Which node-link diagram layout is best suitable for detecting homophily? Are there general design principles to improve homophily detection?

We deliberately set the scope to node-link diagrams, since they are probably the most popular style for visualizing networks. Tasks like path tracing can be performed well on node-link diagrams and many users are familiar with their methodology. Other methods for displaying networks (e.g., matrix views, hive plots [9], NodeTrix [6]) or summarizing them (e.g., histograms) may be more effective for enabling homophily assessment, but are out of scope for our study.

For a fair evaluation of the layout methods we include one additional task in our experiments. In particular, we ask for participants to answer shortest-path questions, to detect whether a better homophily assessment diminishes the versatility of the layout and makes other (path-tracing) tasks harder.

Homophily can also occur when there are more than two clusters. More clusters make it harder to detect homophily, simply because there is more information. Moreover, the notion of homophily can be extended to more clusters in slightly different ways. Due to these considerations we decided to restrict our investigations to the most basic case with only two clusters.

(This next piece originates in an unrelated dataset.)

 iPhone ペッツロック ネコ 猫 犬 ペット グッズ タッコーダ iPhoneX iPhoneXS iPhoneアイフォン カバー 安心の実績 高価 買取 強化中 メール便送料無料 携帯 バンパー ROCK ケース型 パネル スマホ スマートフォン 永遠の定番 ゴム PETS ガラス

Our studies are not necessarily tied to social networks. Clusters exist in all kind of networks and it is a natural question to ask whether there exists a bias for cross-cluster or same-cluster links.

1.1 Homophily

Homophily is a natural phenomenon, but it is not always present in (social) networks. In fact, opposite effects might occur, that is, individuals favor to form bonds with individuals that have different characteristics. To understand networks within their surrounding context, we need methods to detect and to measure the effect of homophily with respect to a certain characteristic. We follow the presentation of Easley and Kleinberg [3] to derive such a framework.

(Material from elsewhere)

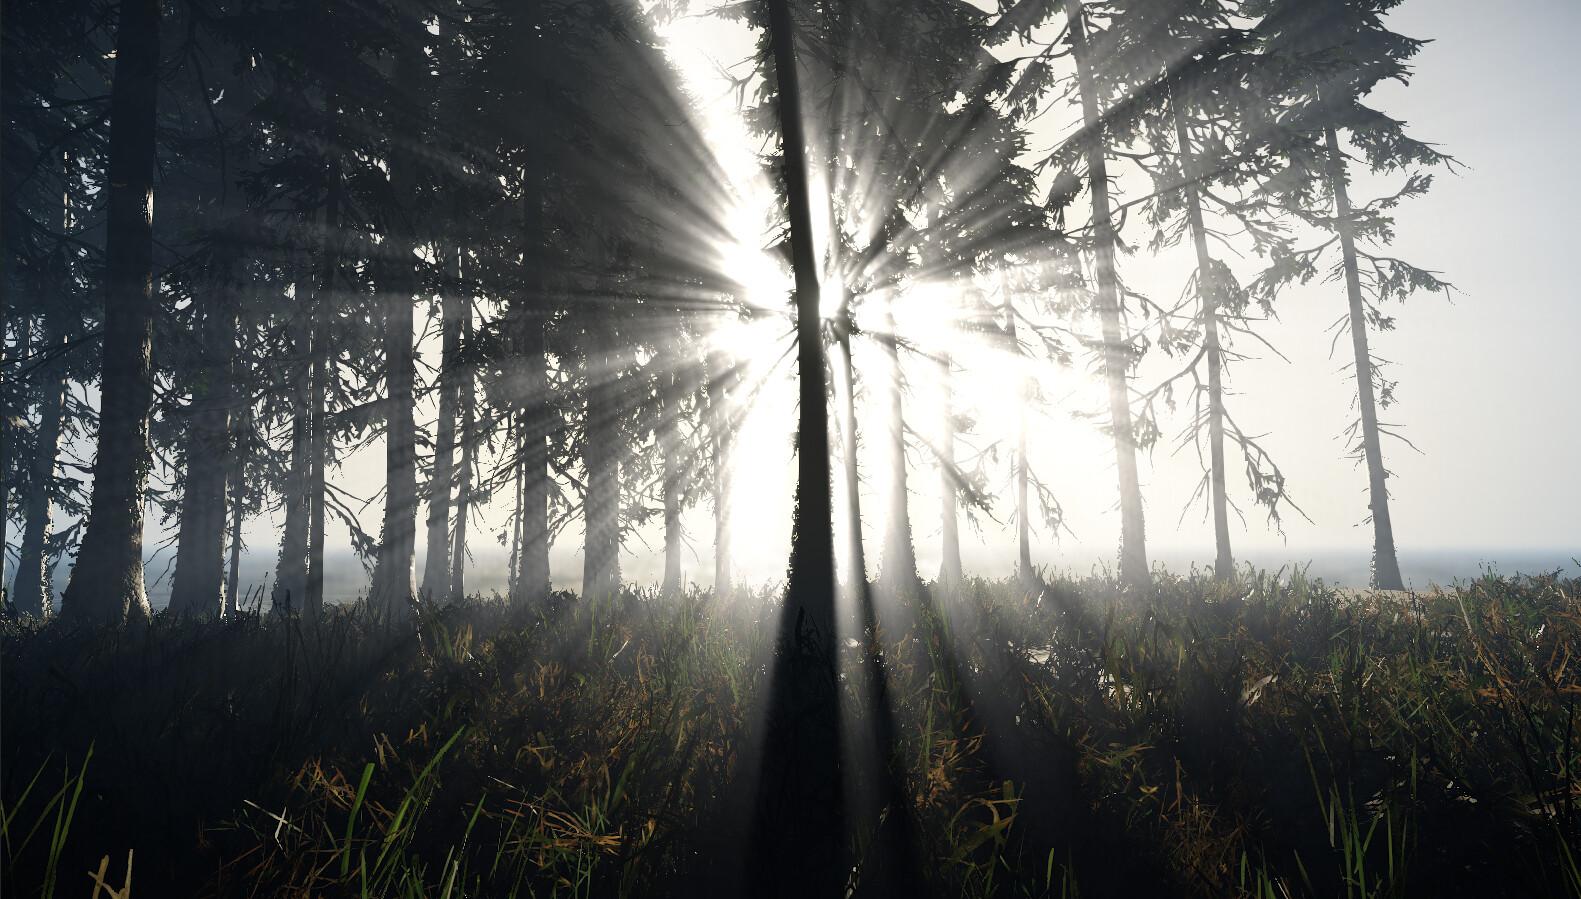 ArtStation - Cryengine sweet nature 4, Lucas Ruyer

Suppose we study a social network in which the individuals are either female or male. We want to decide whether there exists homophily with respect to gender. Assume that a fraction p of the population is male and a fraction \(q=1-p\) is female. In a network without homophily we expect that a random link is male-male with a probability of \(p^2\), female-female with a probability of \(q^2\), and cross-gender with a probability of 2pq. As a consequence there is evidence for homophily, if the fraction of cross-gender links is considerably less than 2pq (and “heterophily” if the fraction is considerably more). We use this “homophily test” to derive a measure for the degree of homophily of a network as follows:

Definition 1

Given a network with two clusters (one with a fraction p of the nodes and the other with a fraction \(q=1-p\)). We say that the degree of homophily is 0 if there are only cross-cluster links, it is 1 if there are no cross-cluster links, and it is 1 / 2 if there is no homophily, that is we have 2pq cross-cluster links. For all other situations we linearly interpolate between these values.

1.2 Network Visualization

There exists a vast literature on various methods for network visualization and analysis with clusters, hierarchies or other auxiliary data, e.g. [2, 7, 12]. Though an extensive review is out of scope, we briefly review a number of methods and describe those we used for our user study.

Force-Directed. The force-directed layout (see for example [4]) has been a popular network visualization method since its inception. The core idea of this method is to mimick a physical system in which nodes repel each other and links behave like springs, pulling their ends together. We include this in our study, providing a good baseline visualization method to which to compare. We use the implementation provided by the javascript library D3.jsFootnote 1.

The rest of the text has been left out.